**TASK TO COMPLETE**
Starting with the first line of the material, reproduce exactly each line up to and including the one that contains "Cono Panna e", leaving out every picture.

**THE DATA**
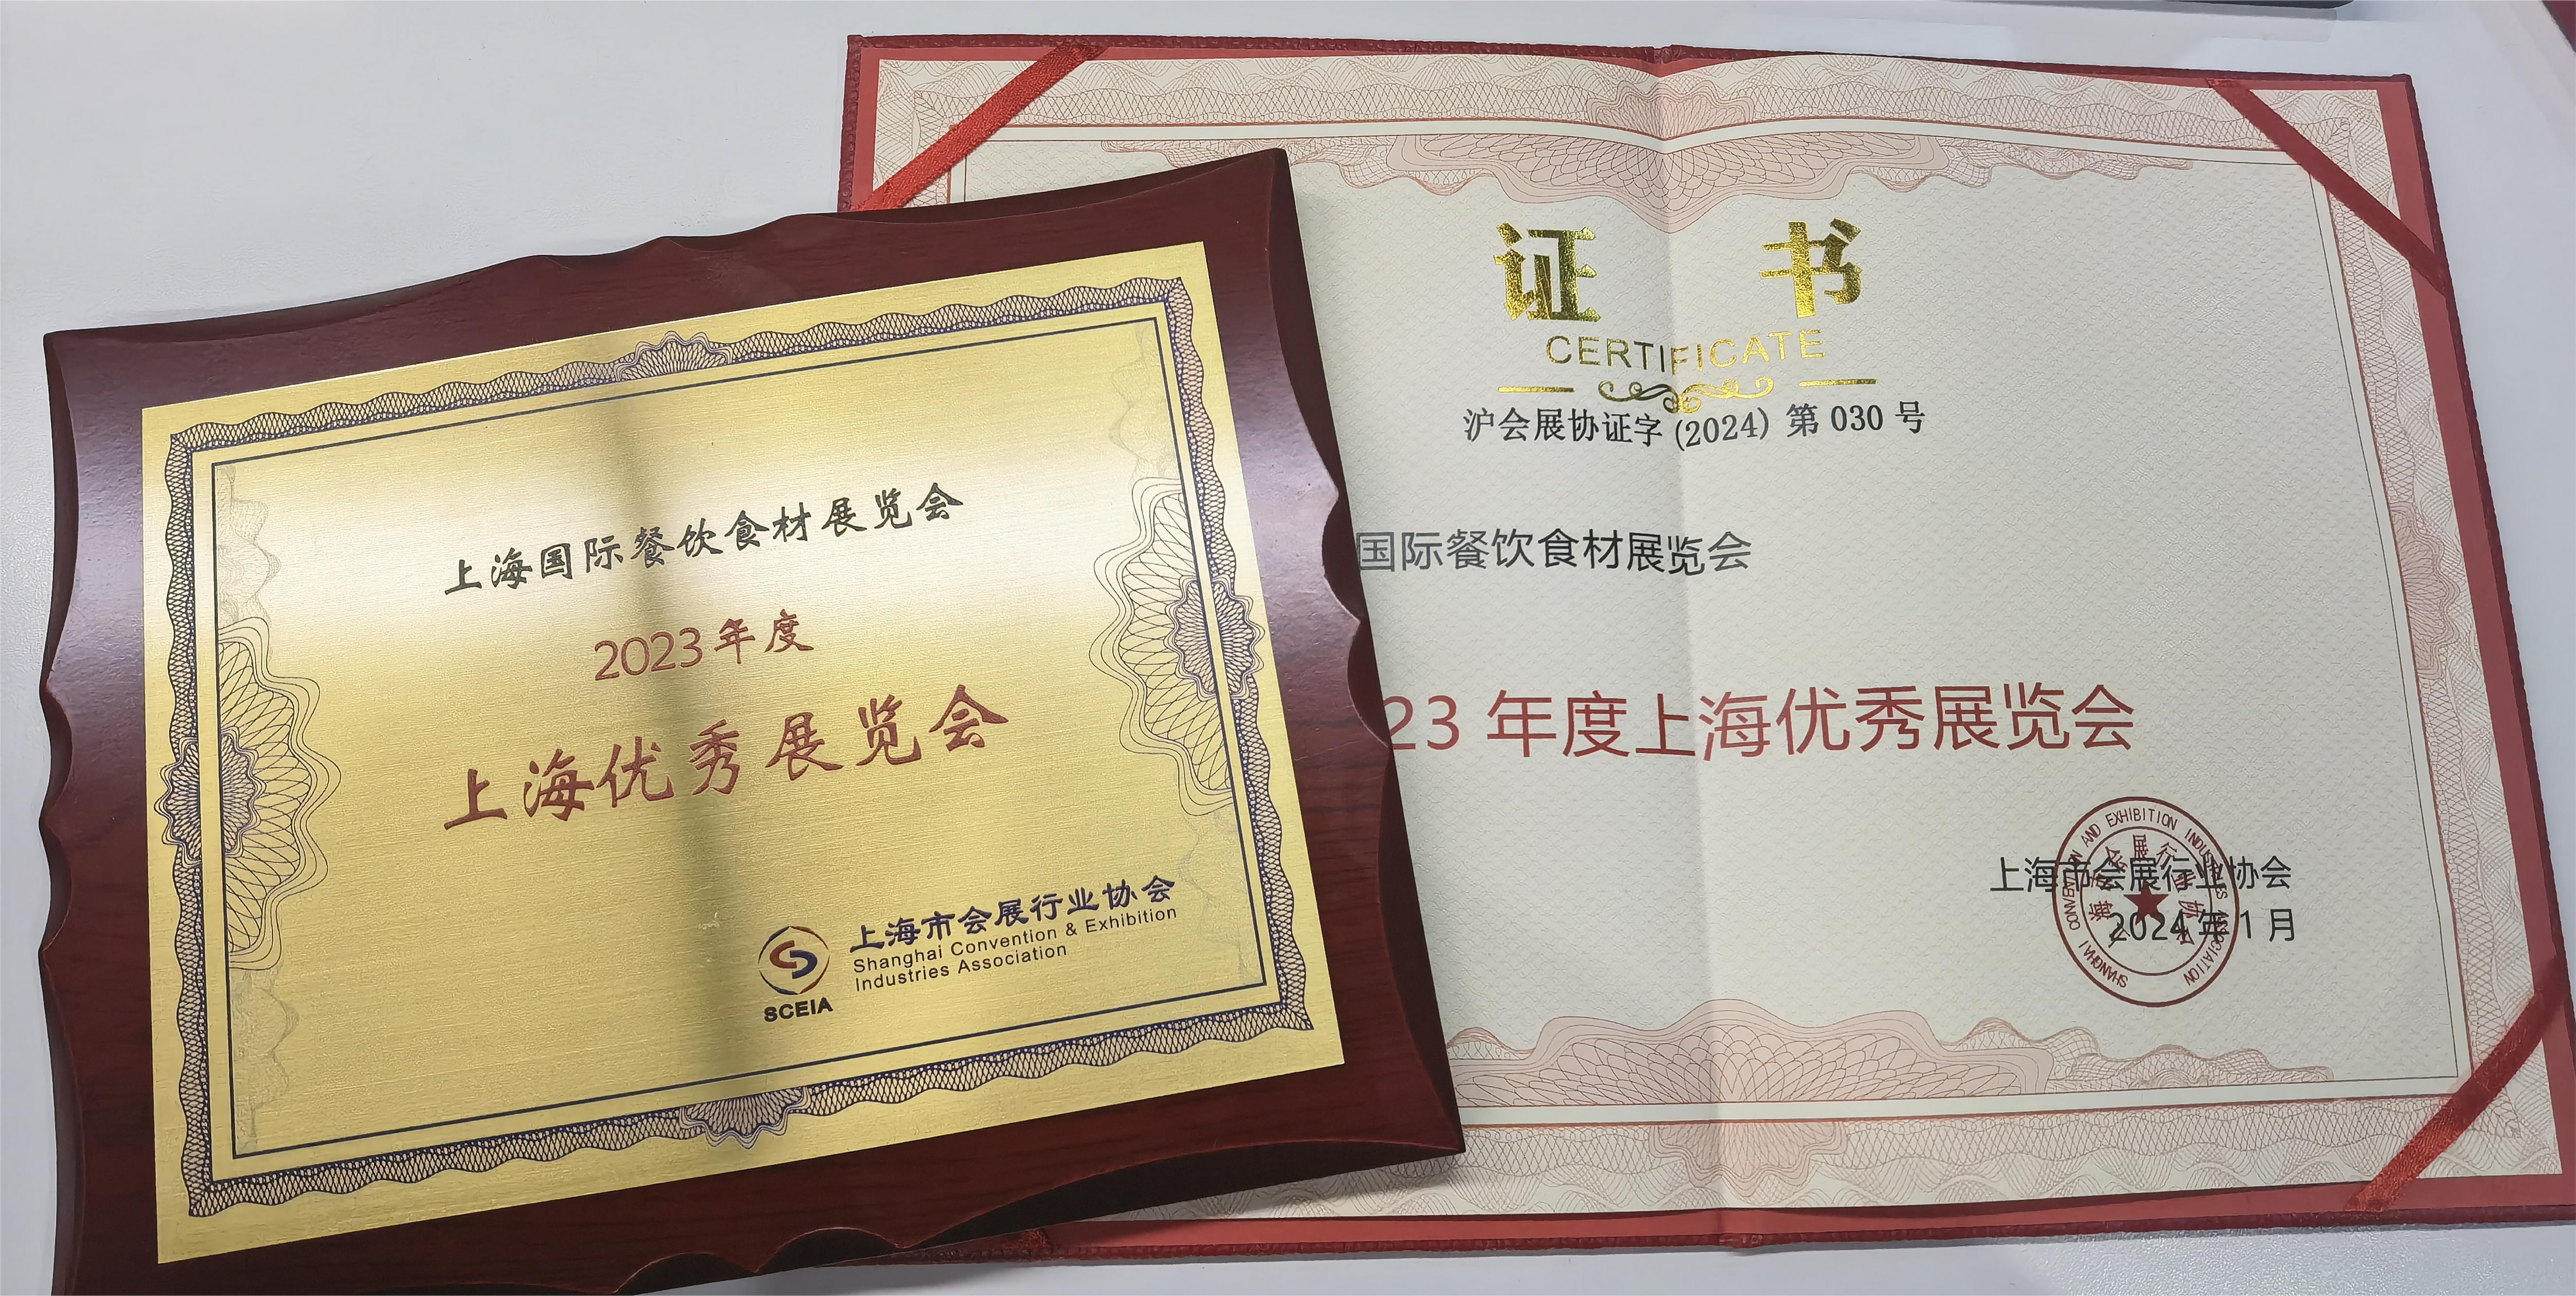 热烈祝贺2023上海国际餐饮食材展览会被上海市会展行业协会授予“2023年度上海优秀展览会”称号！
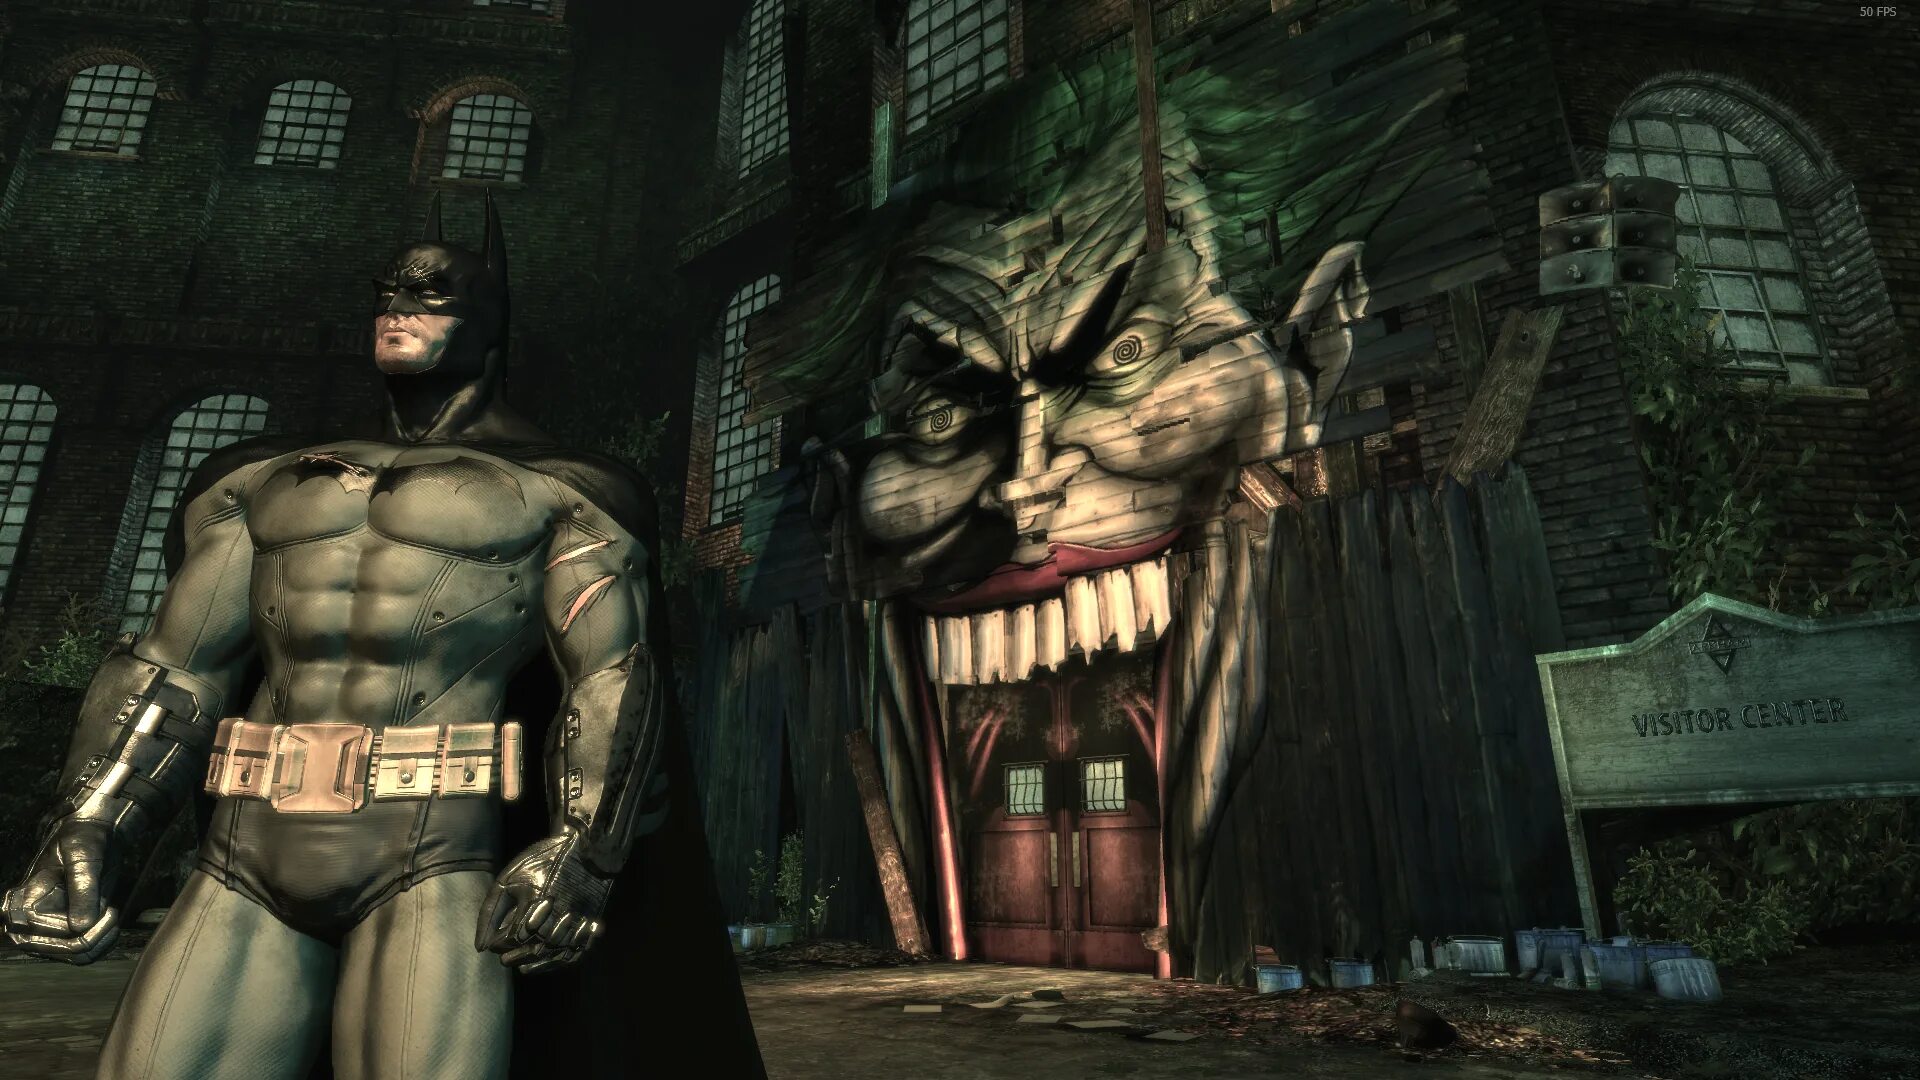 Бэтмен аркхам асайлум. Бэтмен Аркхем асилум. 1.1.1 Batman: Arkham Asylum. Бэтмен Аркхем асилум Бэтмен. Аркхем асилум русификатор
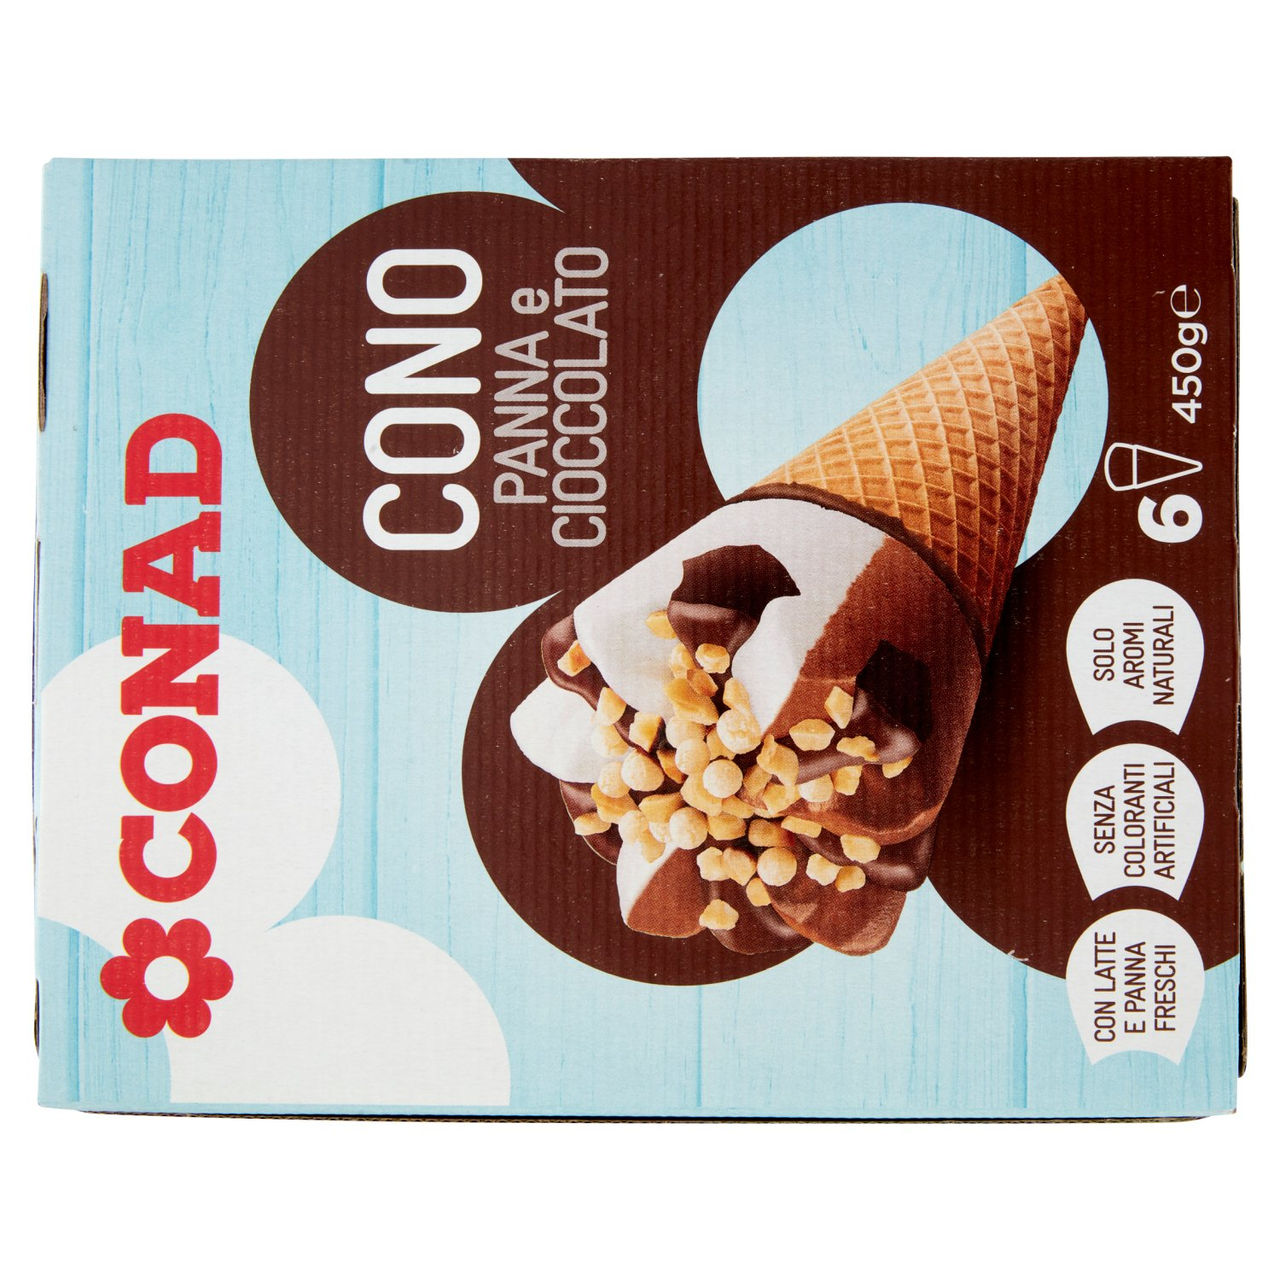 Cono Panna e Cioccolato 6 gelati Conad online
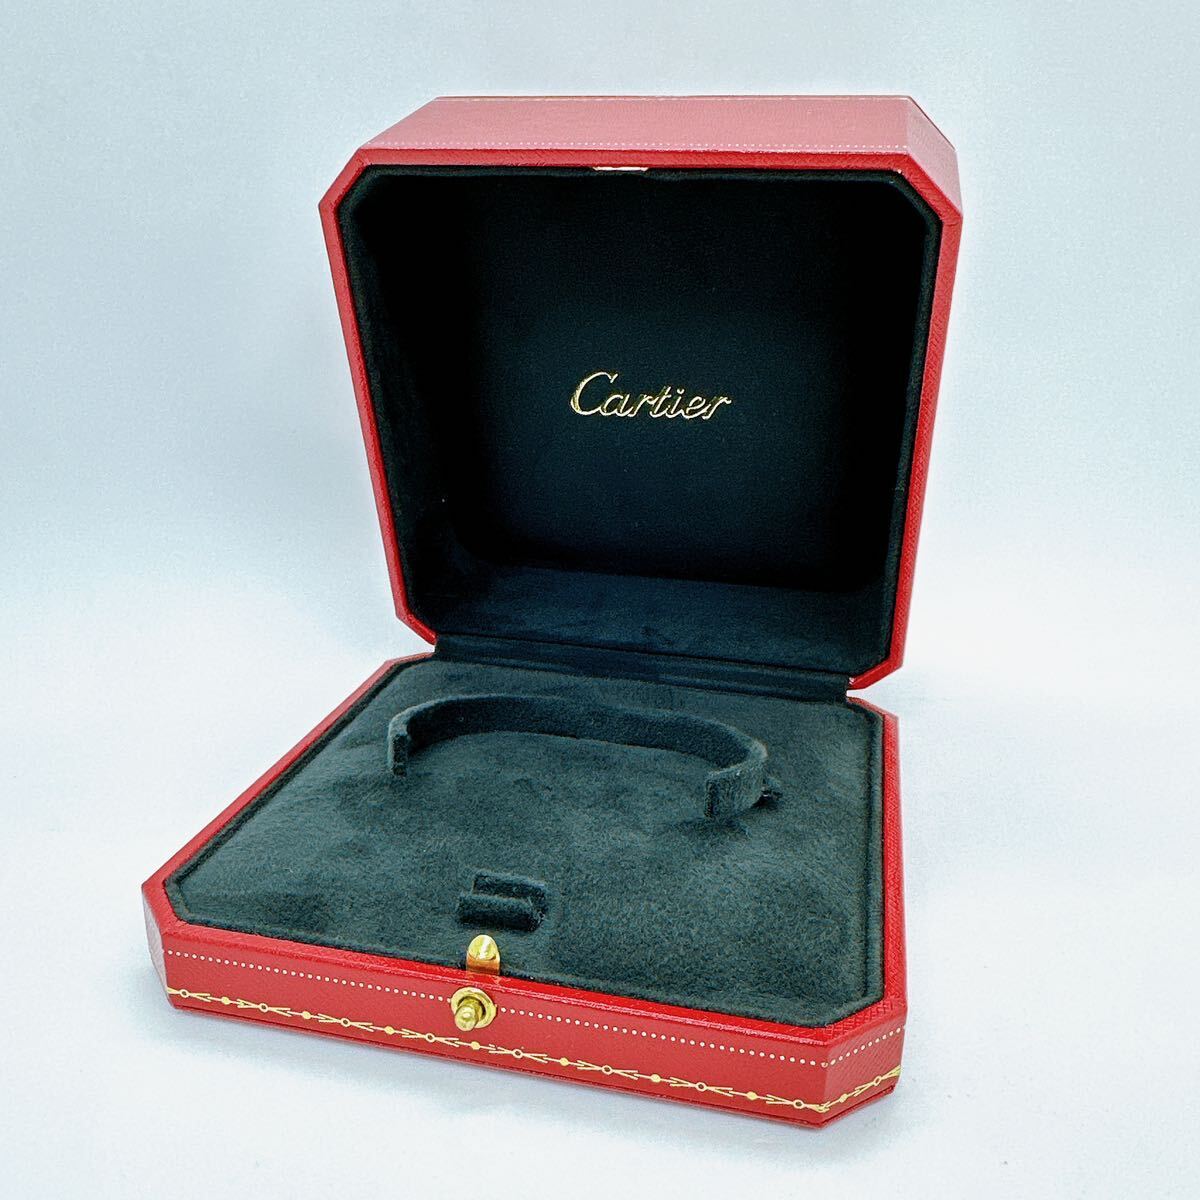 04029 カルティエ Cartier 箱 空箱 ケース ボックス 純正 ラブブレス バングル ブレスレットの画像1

**WRITTEN SOLUTION**
 热烈祝贺2023上海国际餐饮食材展览会被上海市会展行业协会授予“2023年度上海优秀展览会”称号！
 Бэтмен аркхам асайлум. Бэтмен Аркхем асилум. 1.1.1 Batman: Arkham Asylum. Бэтмен Аркхем асилум Бэтмен. Аркхем асилум русификатор
 Cono Panna e Cioccolato 6 gelati Conad online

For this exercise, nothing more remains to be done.